For each sporting event, we created two dictionaries that are associated with the English language. Players are imported into a local database called en-TennisPlayers. Several different surface forms of the name are attached to a normal form and associated with a part of speech, in this case, a noun. As the player dictionary is compiled, a UIMA-type system description is generated that specifies the player name annotation details. Each of the tokens that match a surface form of a sporting player's name is annotated with DictTennisPlayers. Most of the second dictionary consists of adjective definitions, which label tokens as positive or negative. For example, the word "OK" is classified as a positive adjective with an additional inflection of O.K. An additional feature called triggerType is added to the tokens. A token can have multiple features. Two additional built-in dictionaries are included to enhance the POS and segmentation of words into tokens.

Listing 14. A UIMA-type system for a tennis player dictionary
<?xml version="1.0" encoding="utf-8"?>
    <typeSystemDescription xmlns="http://uima.apache.org/resourceSpecifier">
  <name>en-XX-TennisPlayers-ts</name>
  <description>en-XX-TennisPlayers</description>
  <vendor></vendor>
  <version></version>
  <types>
    <typeDescription>
      <name>com.ibm.usopen.DictTennisPlayers</name>
      <description>en-XX-TennisPlayers</description>
      <supertypeName>uima.tt.DictionaryEntryAnnotation</supertypeName>
    </typeDescription>
    </types>
</typeSystemDescription>

The stream of features and annotations are inputs into the parsing rules stage where two rule-based semantic interpretations are defined.

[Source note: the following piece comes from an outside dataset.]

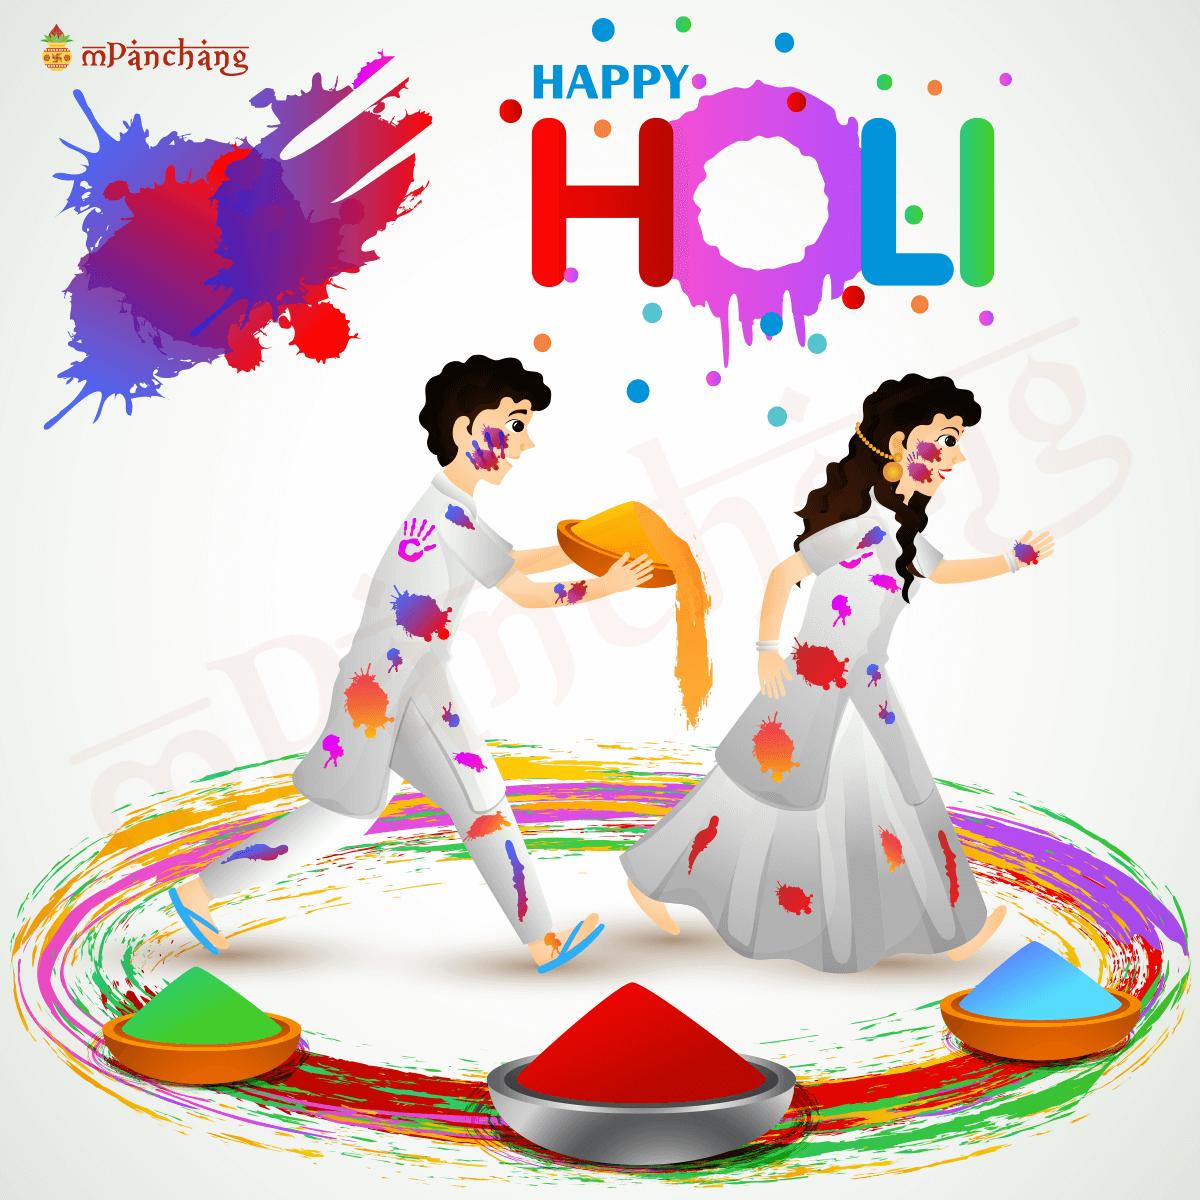 Get Trending Happy Holi Festival 2020  Wishes. Follow My Board to Get many holi status. #happyholi #holi2020 #holihai #holistatus #holiwishes #trendingholi #holicolor #holiwishes2020
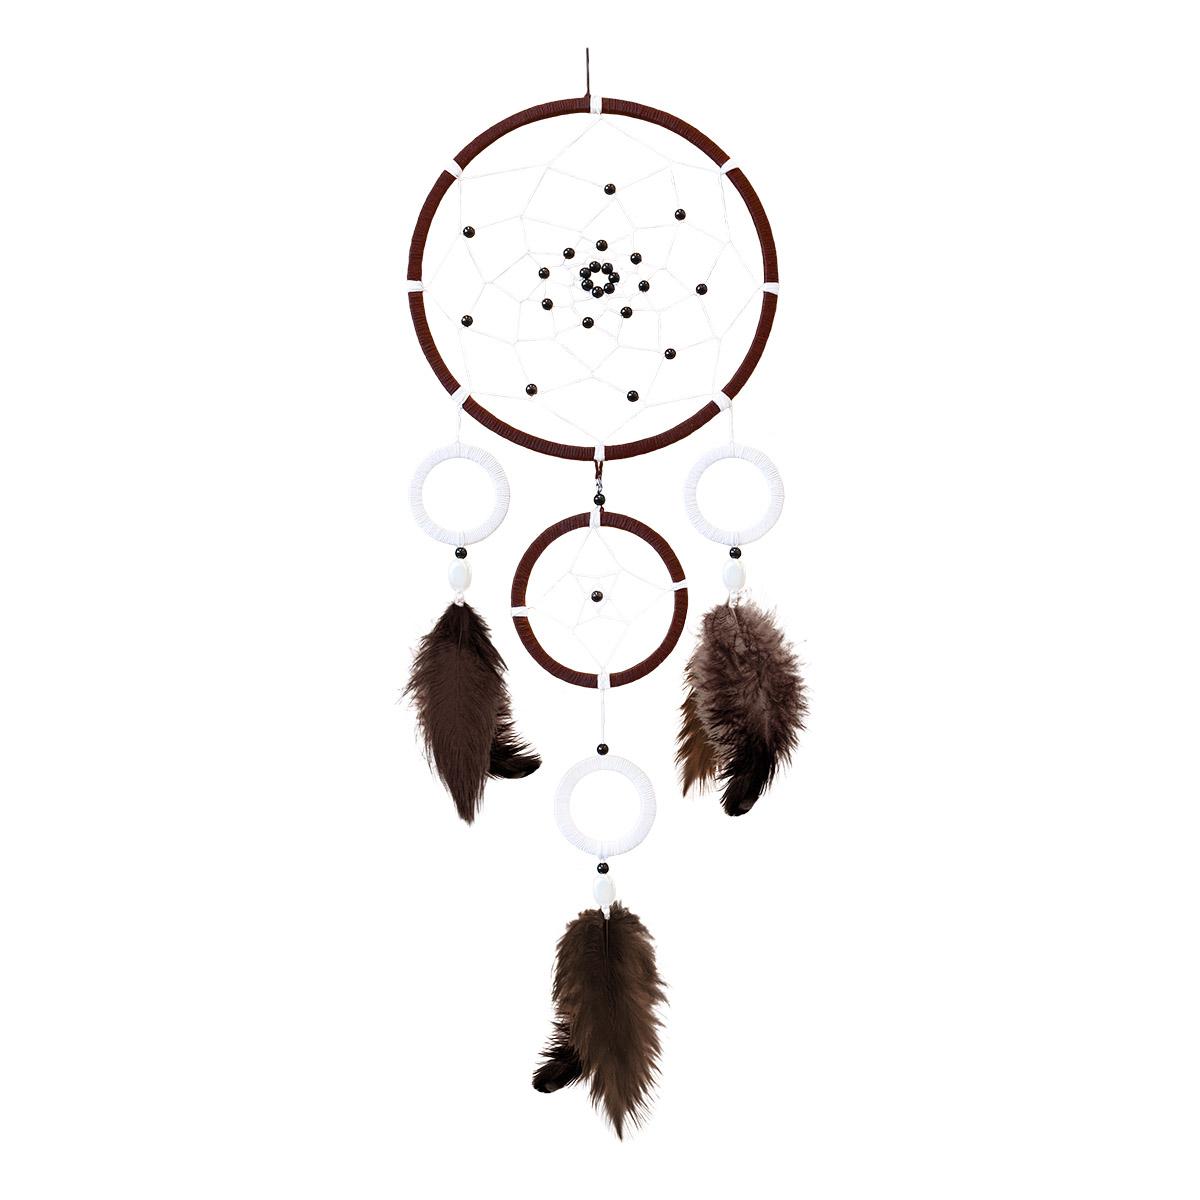 ЛС-02 Набор для творчества Созвездие 'Агат'(ловец снов)15х42,5 см

  • An opinion semantic analysis provides several rules to produce a NegativeIndicator, a PositiveIndicator, or a NeutralIndicator. An atomic positive rule annotator includes a series of tokens that are a DictTrigger with a triggerType of positive or a DictTrigger with a negative triggerType: a value of n't, followed by zero to two tokens and concluded with a triggerType of negative.
  • An aggregrate rule draws relationships between NegativeIndicators and PositiveIndicators. For example, two PositiveIndicators followed by one NegativeIndicator is overall positive. However, if a single PositiveIndicator follows a single NegativeIndicator, the overall response is neutral.

Next, the accumulation of annotations over sentences or tweets is passed to the final sentiment annotator called TennisPlayerSentiment. Four rules look for varying orders of previous annotations. The rules produce TennisPlayerPositiveSentiment or TennisPlayerNegativeSentiment.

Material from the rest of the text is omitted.